Bunun nedeni çok basit, beslenme. Bildiğiniz gibi sindirim çiğnemeyle, ağızda başlar. Diş eksiklikleri veya dişsizlik durumlarında besinlerin etkili şekilde öğütülmesi mümkün olmayacağından, yediğimiz besinler tam olarak öğütülmeden midemize taşınırlar. Yaşla birlikte eski verimliliğini kaybetmiş sindirim sistemi organları da öğütülememiş besinleri sindirmekte çok daha fazla zorlanırlar. Etkili şekilde çalışmayan sindirim sistemi, sağlığımız açısından sayısız riskler barındırmaktadır. Bunları telafi etmek için artan ilaç kullanımı neticesinde karaciğerin ve böbreklerin yükü de artacaktır. Gördüğünüz gibi en başta zincirin halkalarından biri olan dişlerimizin kaybı sistemik olarak yaşlanmış ve yorulmuş vücudumuza gereğinden fazla stres eklenmesine neden olmakta. Ağzında hiçbir dişi kalmamış ve 10 sene boyunca damak kullanan bir bireyin çiğneme performansı %5’ler mertebesindedir. Bu kadar düşük bir performans gösteren protezleri kullanmaya devam etmenin oluşabilecek sağlık problemlerini engellemesi mümkün olmayacaktır. Bu işin çözümü hastalarımıza eski çiğneme performanslarını geri kazandırmaktır. 30 sene önce şimdiki olanaklarımız yoktu ama artık implantlarla desteklediğimiz protezler ile çiğneme performansını %95’ler kadar çıkarabiliyoruz. Artık, en son 20 sene önce fındık, fıstık yiyen birisine, bu hazzı yeniden tattırabilmenin haklı gururunu yaşayabiliyoruz diş hekimleri olarak.

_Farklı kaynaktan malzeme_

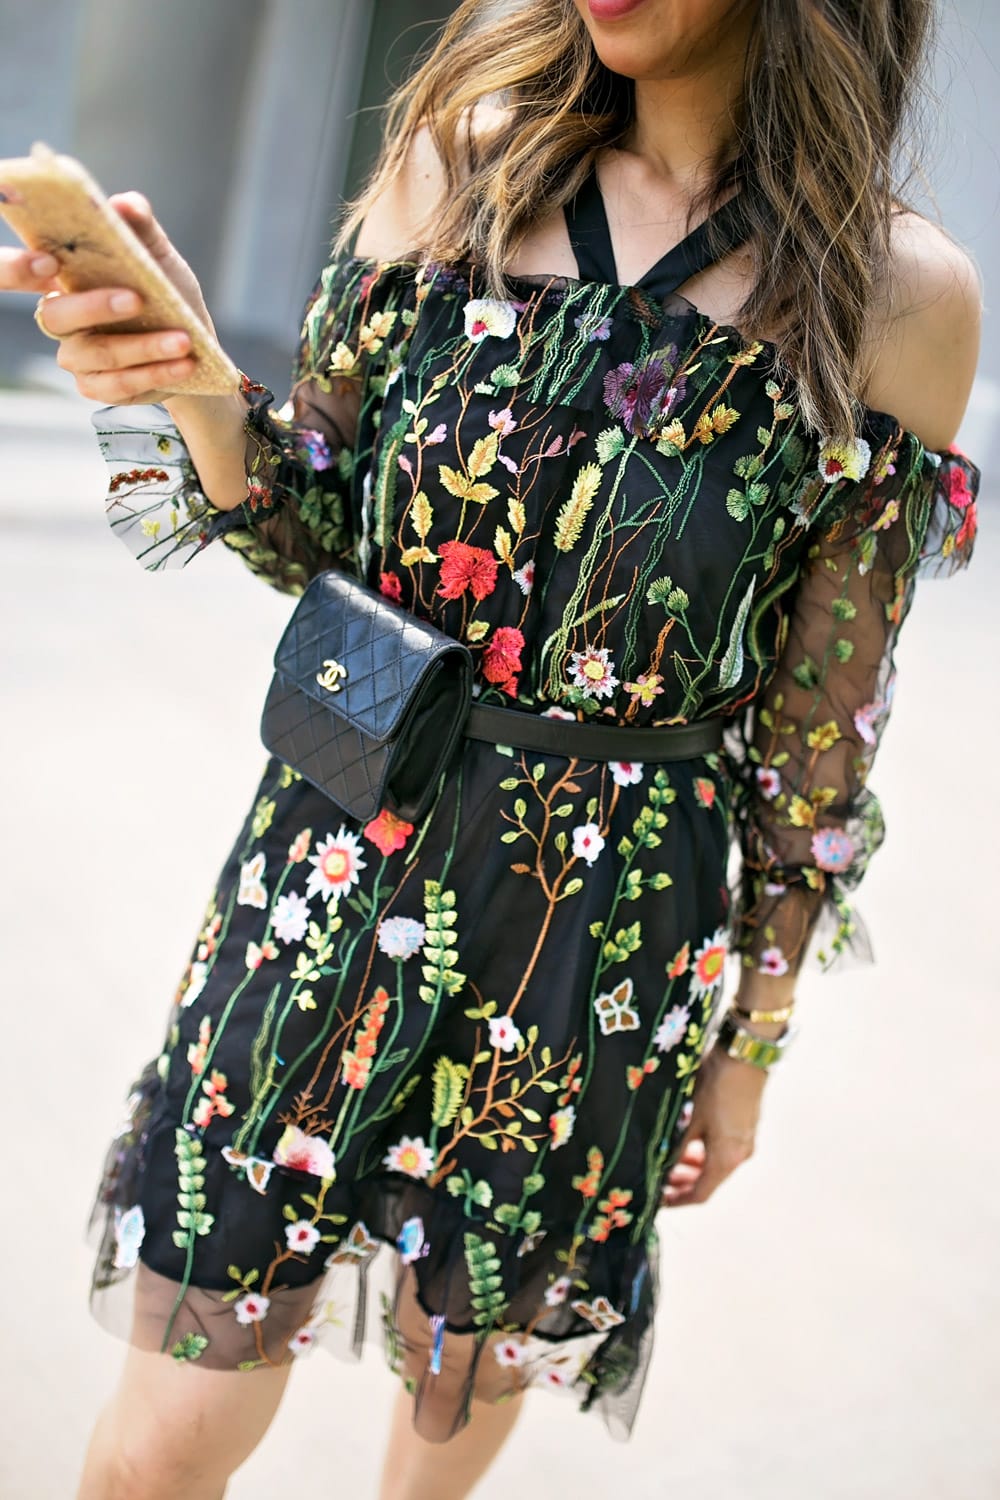 dark floral trend off the shoulder embroidered dress chanel waist bag

Çoğu yaşlı bireyler, “bu saatten sonra ne kadar ömrüm kaldı ki, ağzıma bu kadar masraf yapayım” diye enteresan bir düşünceye sahipler. Tıpta yaşanan gelişmeler neticesinde insan ömrü uzamakta. Bununla birlikte sağlıklı beslenen bireylerin de daha uzun yaşayacağı göz önüne alındığında, kişinin ağzına yapacağı yatırımın önemi daha iyi anlaşılacaktır.
Konforlu bir yaşlılık için ağzımıza iyi bakalım.